1.1.1.3 Next Generation Sequencing Technologic

Next_Generation_Sequencing

Figure 1.3: Next_Generation_Sequencing

Between 2004 and 2006 “next-generation sequencing (NGS)” technologies were introduced, which transformed biomedical inquiry and resulted in a dramatic increase in sequencing dataoutput (S. Levy, et. 2007). The significant increase in data output was due to the nanotechnology principles and innovations that allowed massively parallel sequencing of single DNA molecules. The combined features of high throughput and single-molecule DNA sequencing are hallmarks of NGS, irrespective of the sequencing platform. The technology’s evolved procedures were better merged with data acquisition and analysis, freeing the community from more labor-intensive and low-efficiency historical Sanger sequencing approaches and facilitating an extraordinary increase in data output. Second-generation approaches, such as on the Illumina or Ion Torrent platforms, generally start with DNA fragmentation, DNA end-repair, adapter ligation, surface attachment, and in-situ amplification. These “short-read” sequencing technologies involve the massively parallel sequencing of short reads, whereby millions of individual sequencing reactions occur in parallel. However, by nature of being short-read technologies, sequencing data over long stretches of DNA must be reassembled, presenting challenges with structural variations or low-complexity regions (Hu T, Chitnis N, Monos D, Dinh A. 2021).

1.1.2 Whole Genomic Sequencing

Explosive advances in next-generation sequencer (NGS) and computational analyses handling massive data have enabled us to comprehensively analyze cancer genome profiles at research and clinical levels, such as targeted sequencing for hundreds of genes, whole exome sequencing (WES), RNA sequencing (RNA-Seq) and whole genome sequencing (WGS)(Nakagawa H,et. 2015).

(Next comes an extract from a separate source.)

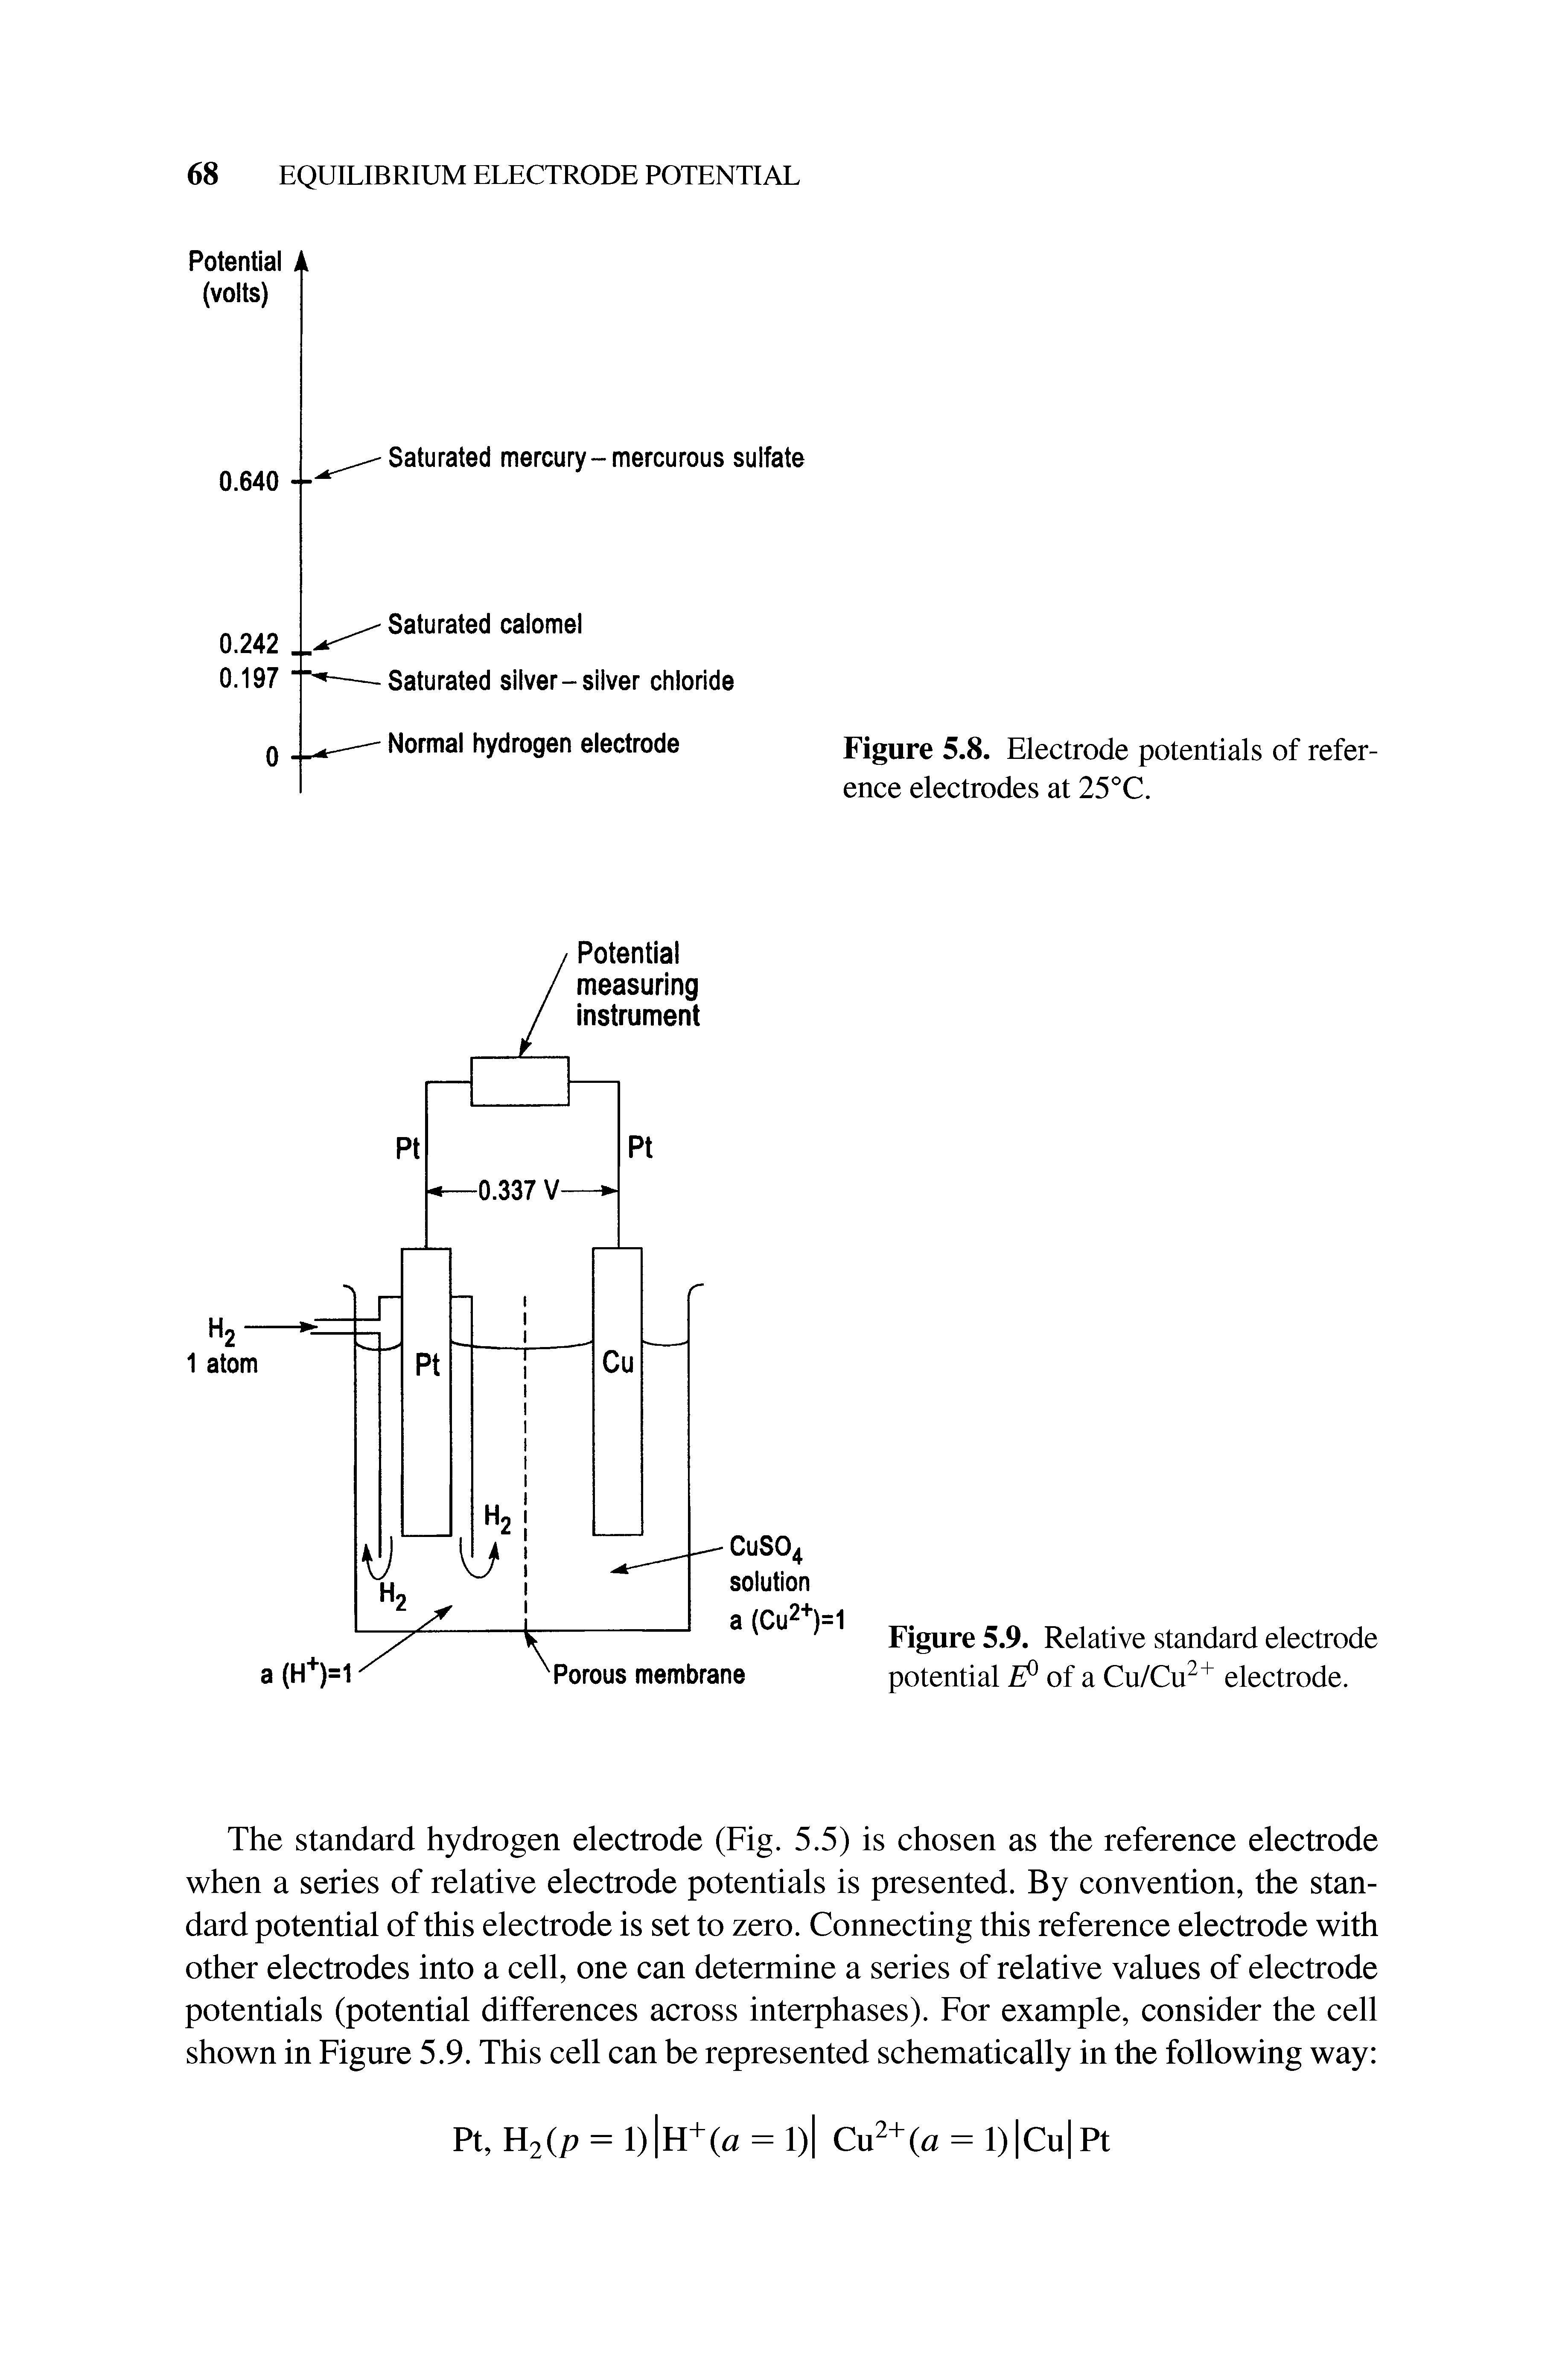 Figure 5.9. Relative standard electrode potential of a Cu/Cu electrode.

WGS approaches can cover all of these unexplored mutations and help us to better understand the “whole” landscape of cancer genomes and elucidate the functions of these unexplored human genomic regions. This approach combined with mathematical analysis and other omics analysis can clarify the underlying carcinogenesis and achieve molecular sub-classification of cancer, which facilitates discovery of genomic biomarkers and personalized cancer medicine (Nakagawa H, Fujita M. 2018).

1.1.3 Research Significance

Data analysis of whole genome sequencing requires a bioinformatics background and programming skills that are difficult for most researchers. Therefore, there is an urgent need to develop interactive whole-genome data analysis tools that do not depend on programming languages. Based on the Web page framework provided by the R language shiny package and combined with the completed analysis process, this topic constructs a Web interactive analysis tool for the whole genome data, so as to enable more researchers to quickly and simply complete the whole genome data analysis.

1.2 How to start

In this tutorial, we will go through the installation and usage of each module step by step using the example dataset we provided at github: https://github.com/123xiaochen/VCFshiny.

1.2.1 Requirement

  1. R (>= 4.2.0)
  2. Shiny (>= 1.6.0)

1.2.2 How to install shiny packsge

  1. Open R.
  2. User can install the shiny package by the following command in R:
install.package("shiny")

1.2.3 How to install and run VCFshiny

  1. Open R.
  2. Install and run VCFshiny by the following commands in R:
#Install VCFshiny
install.packages("devtools")
library(devtools)
devtools::install_github("123xiaochen/VCFshiny")
#Run VCFshiny
library(shiny)
library(VCFshiny)
VCFshiny::startVCFshiny()
  1. Run VCFshiny:
File-Format

Figure 1.4: File-Format

The first model of VCFshiny setting page will pop-up (Figure 1.4).